Yes, a pair of woman mistook the former president for game show icon Bob Barker.  That story was recounted in the “New York Times” today.  Can you fault the women for making that mistake?  Let‘s take a look.  I don‘t know, that is pretty close right there.  The same hair, sort of distinguished-looking.  I guess, the only question there is which of those two men would you less—be less likely to leave alone with your sister. 

CARLSON:  You know what Clinton said when they called him Bob Barker? 

Be sure to spay and neuter your pets. 

GEIST:  He did.  We miss Bob Barker by the way.  So sad to see him go.
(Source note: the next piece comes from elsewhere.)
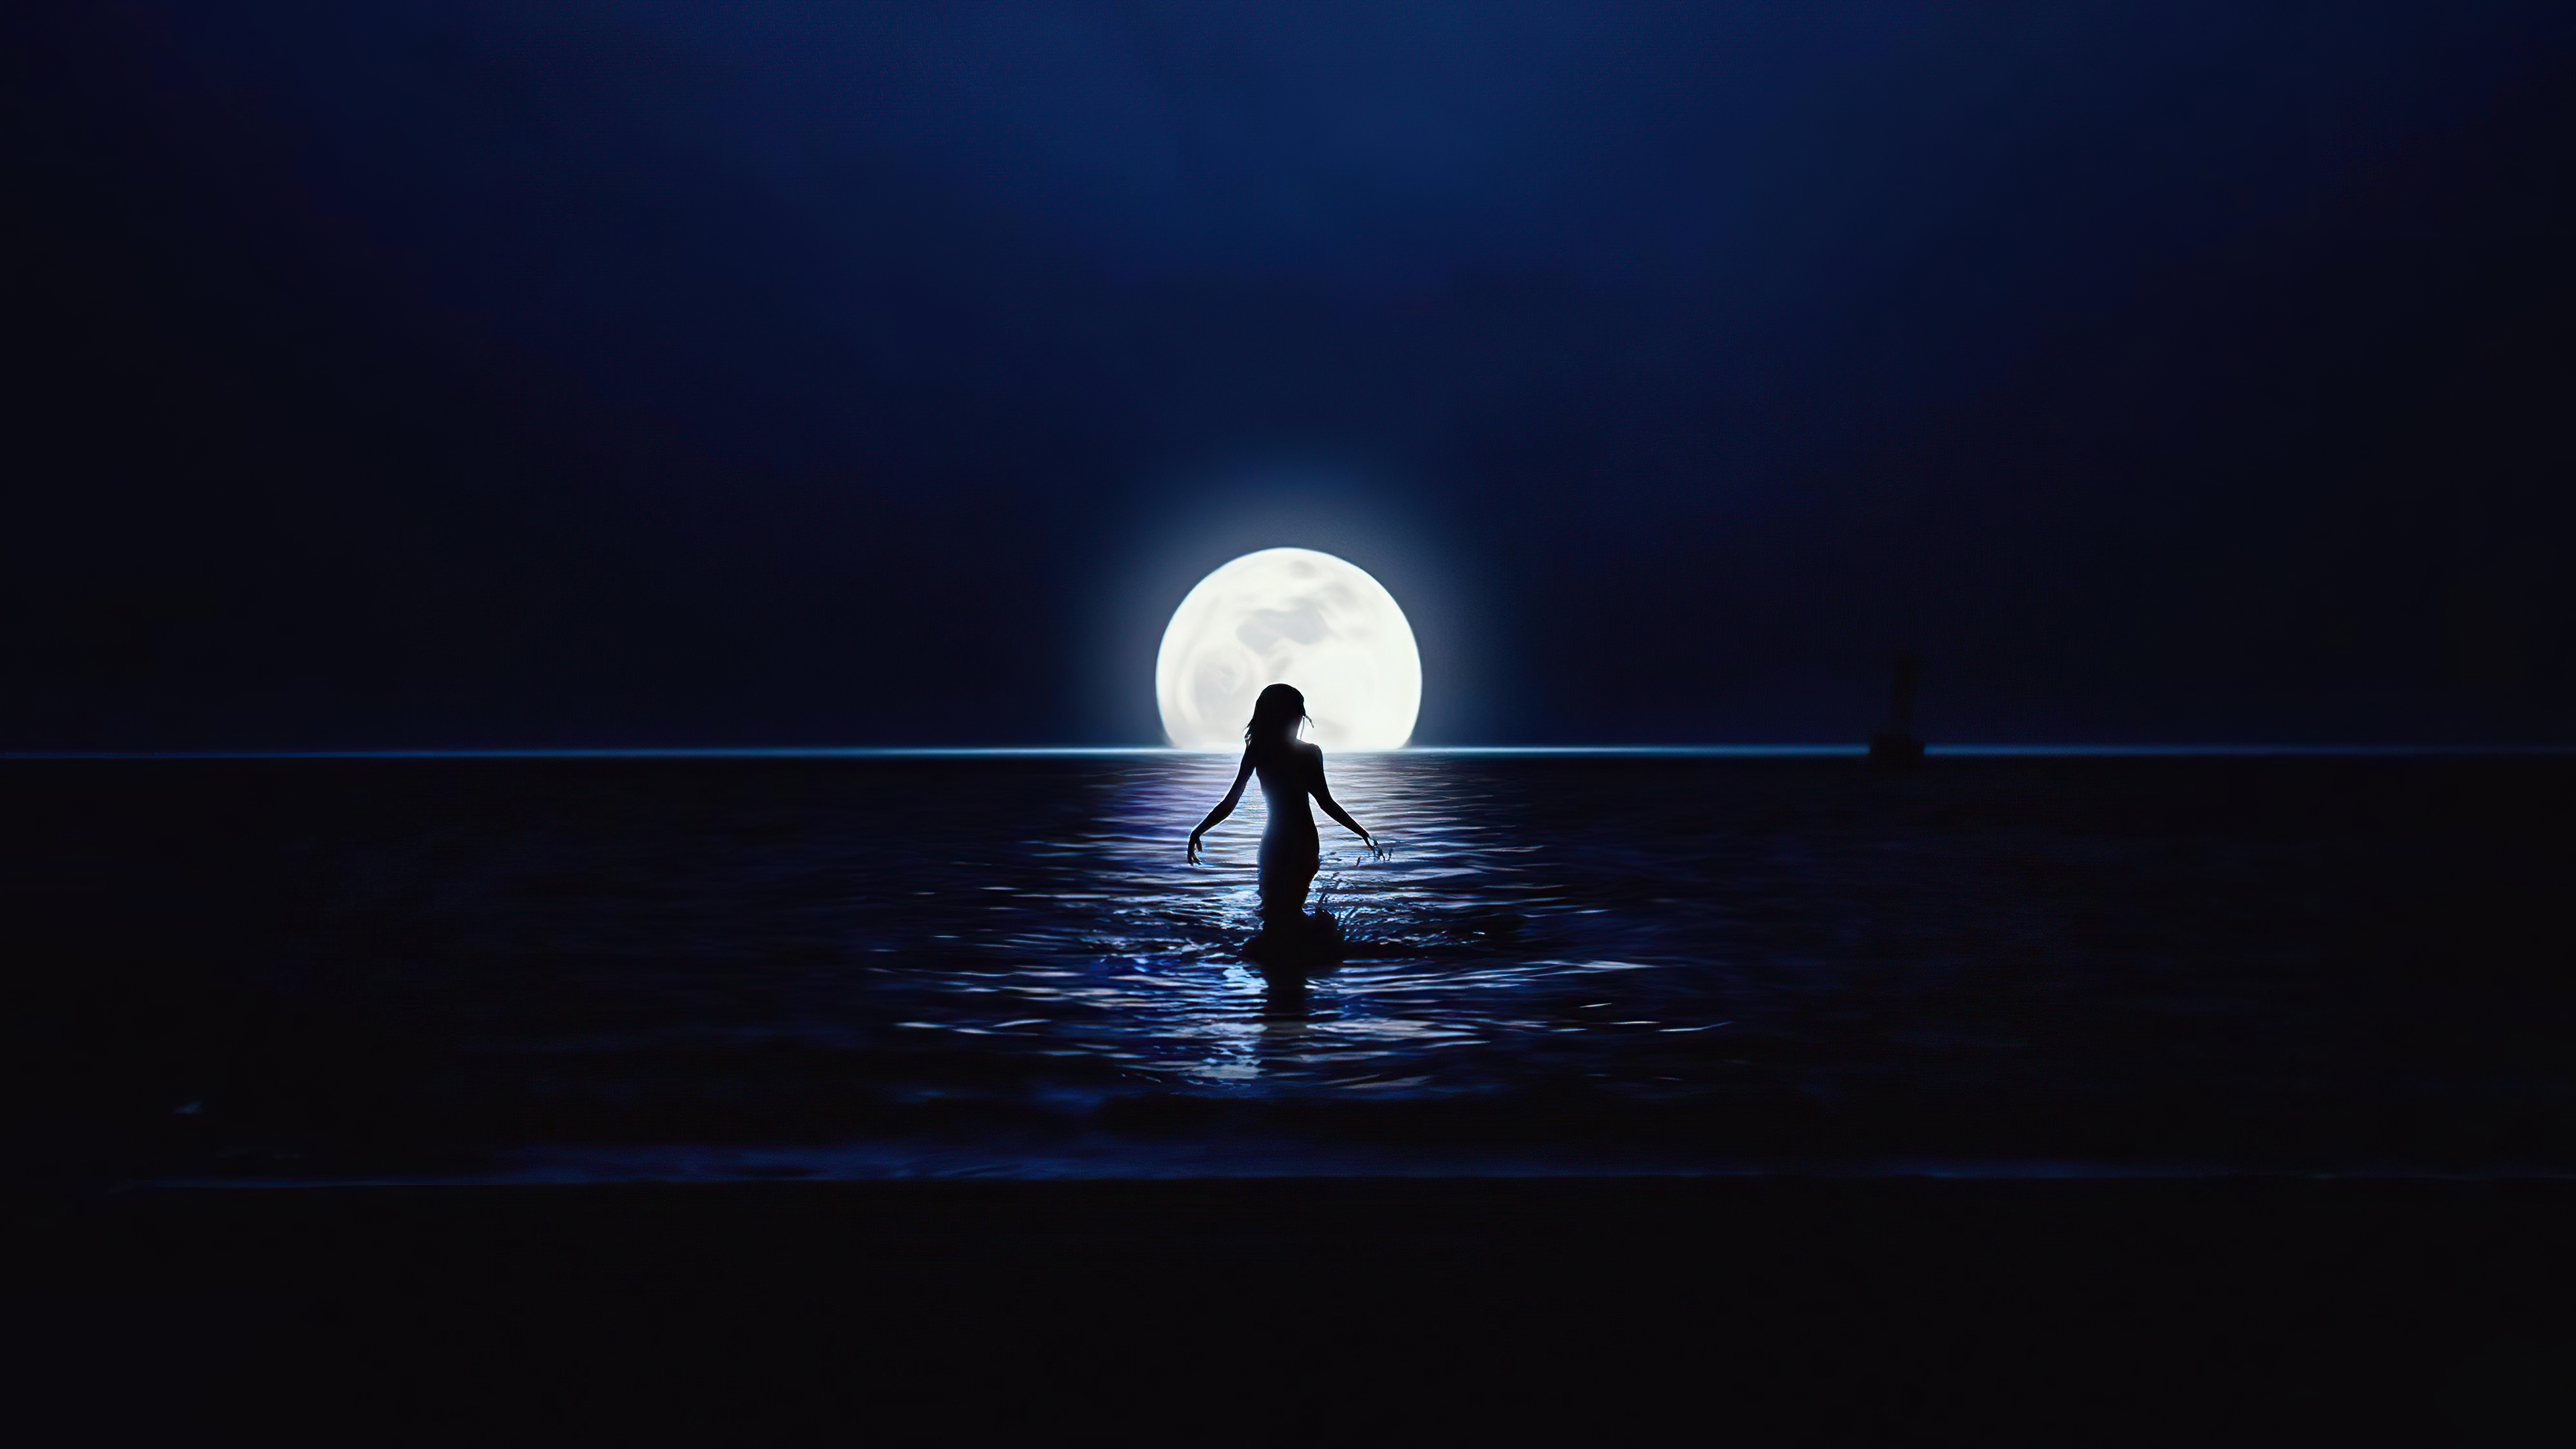 girl walking towards moon in ocean 4k 1634170484 - Girl Walking Towards Moon In Ocean 4k - Girl Walking Towards Moon In Ocean wallpapers, Girl Walking Towards Moon In Ocean 4k wallpapers

CARLSON:  We very much miss Bob Barker.  Willie Geist from headquarters.  And again, tomorrow morning, 6:00 a.m., Willie Geist in the host seat, MSNBC‘s morning programming.  I will be there too briefly on the telephone.  I can‘t wait.  Don‘t miss it.  Thanks for tuning in.  We will see you tomorrow.  In the meantime, have a great night.